Alex thought about the other rooms. Presumably Corinne had the big room on the corner of the house, but where, he wondered, had she put Jimmy?

CHAPTER THREE

HE CAME down the stairs so quietly that Corinne didn’t hear him, and he had a moment to stand watching her as she worked in the kitchen.

The steak smelled good, and suddenly he was transported back to the early days of their marriage, when steak had been a luxury. But somehow she had managed to wring the price out of the meagre housekeeping money they had.

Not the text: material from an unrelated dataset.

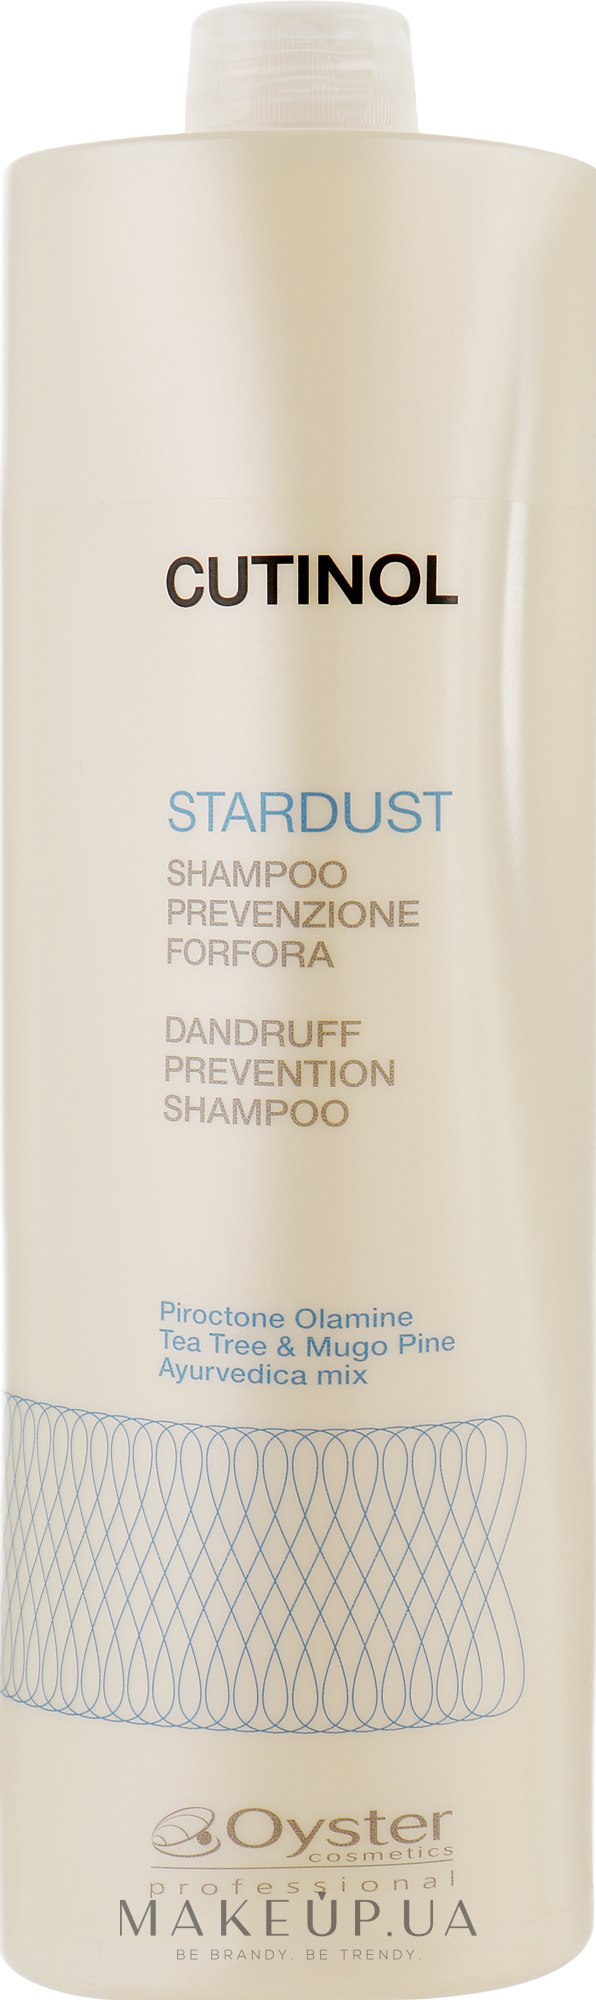 Шампунь против перхоти - Oyster Cosmetics Cutinol Stardust Shampoo — фото 1000ml
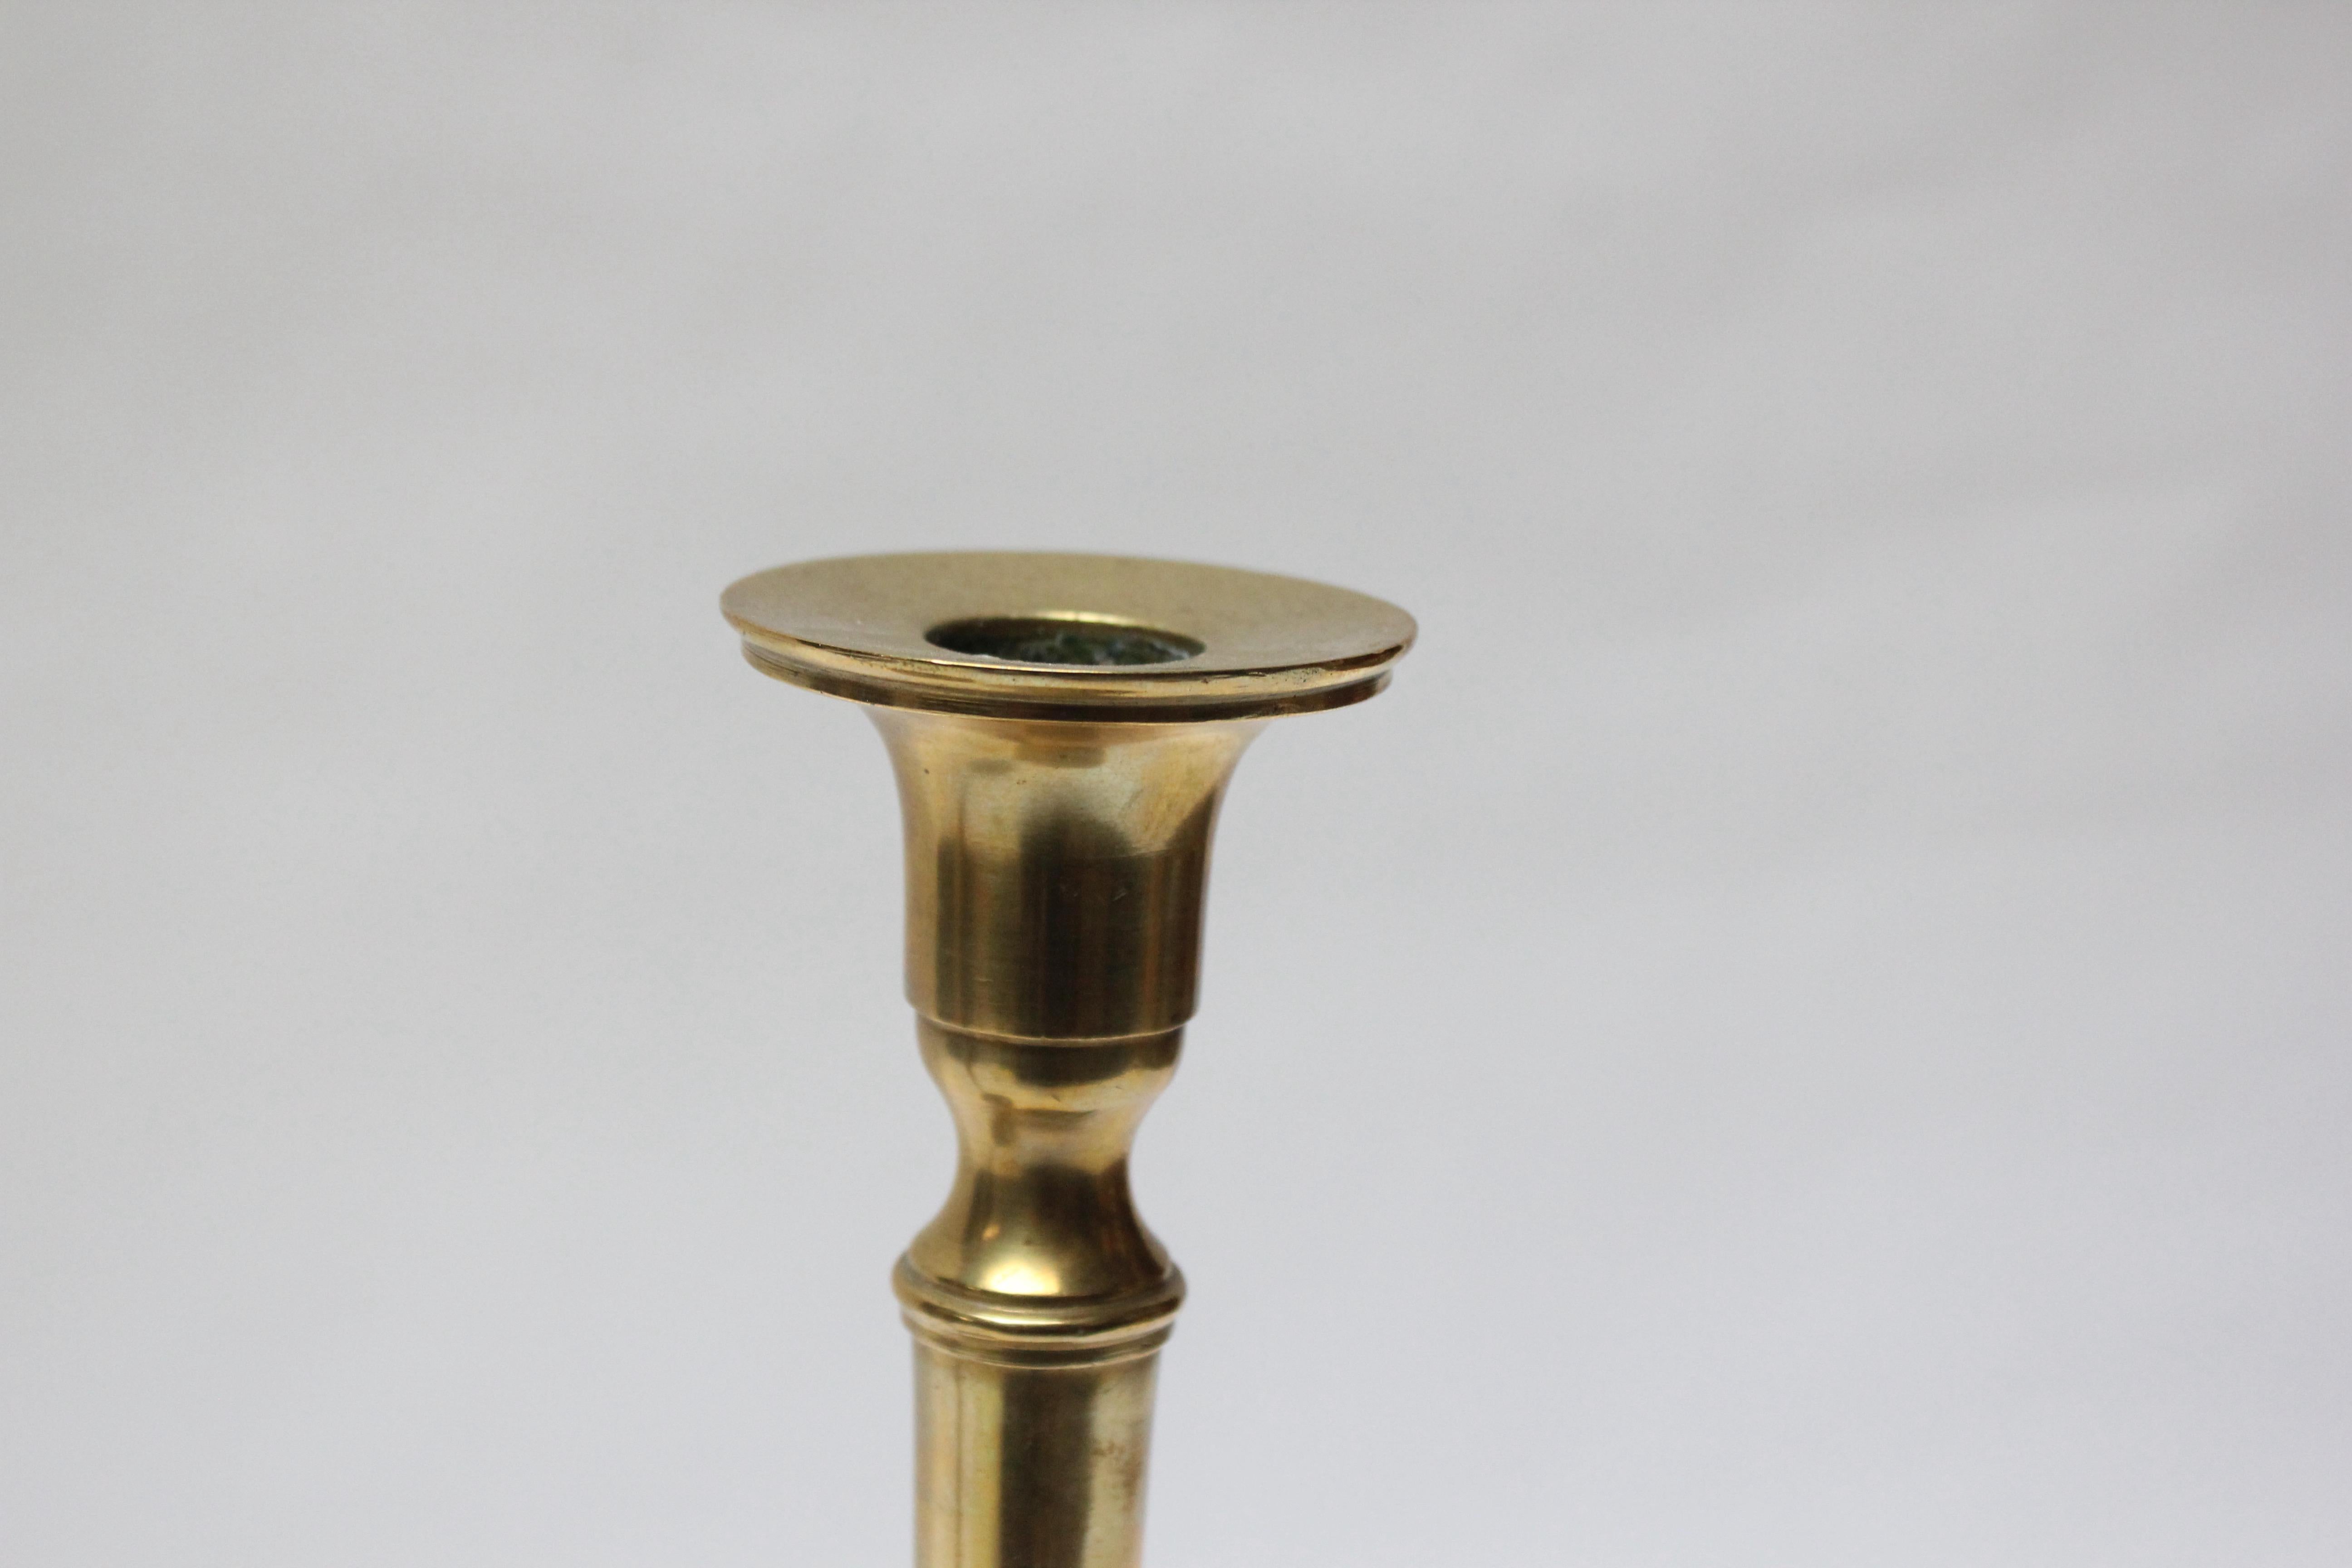 Pair of Tall Nashua Brass Art & Crafts Turned Brass Candlesticks 7

They had been partners-laughing at poverty, competing with each other in loving generosity, squabbling to give each other the last titbit. But that was long ago.

The years had barely touched her, he thought. The slim, graceful figure that had once enchanted him was the same, two children later.

She had been gorgeous at eighteen-beautiful, sexy, witty, knowing her own power over young men and enjoying it. They had all competed for her, but Alex had made sure that he was the one who won her.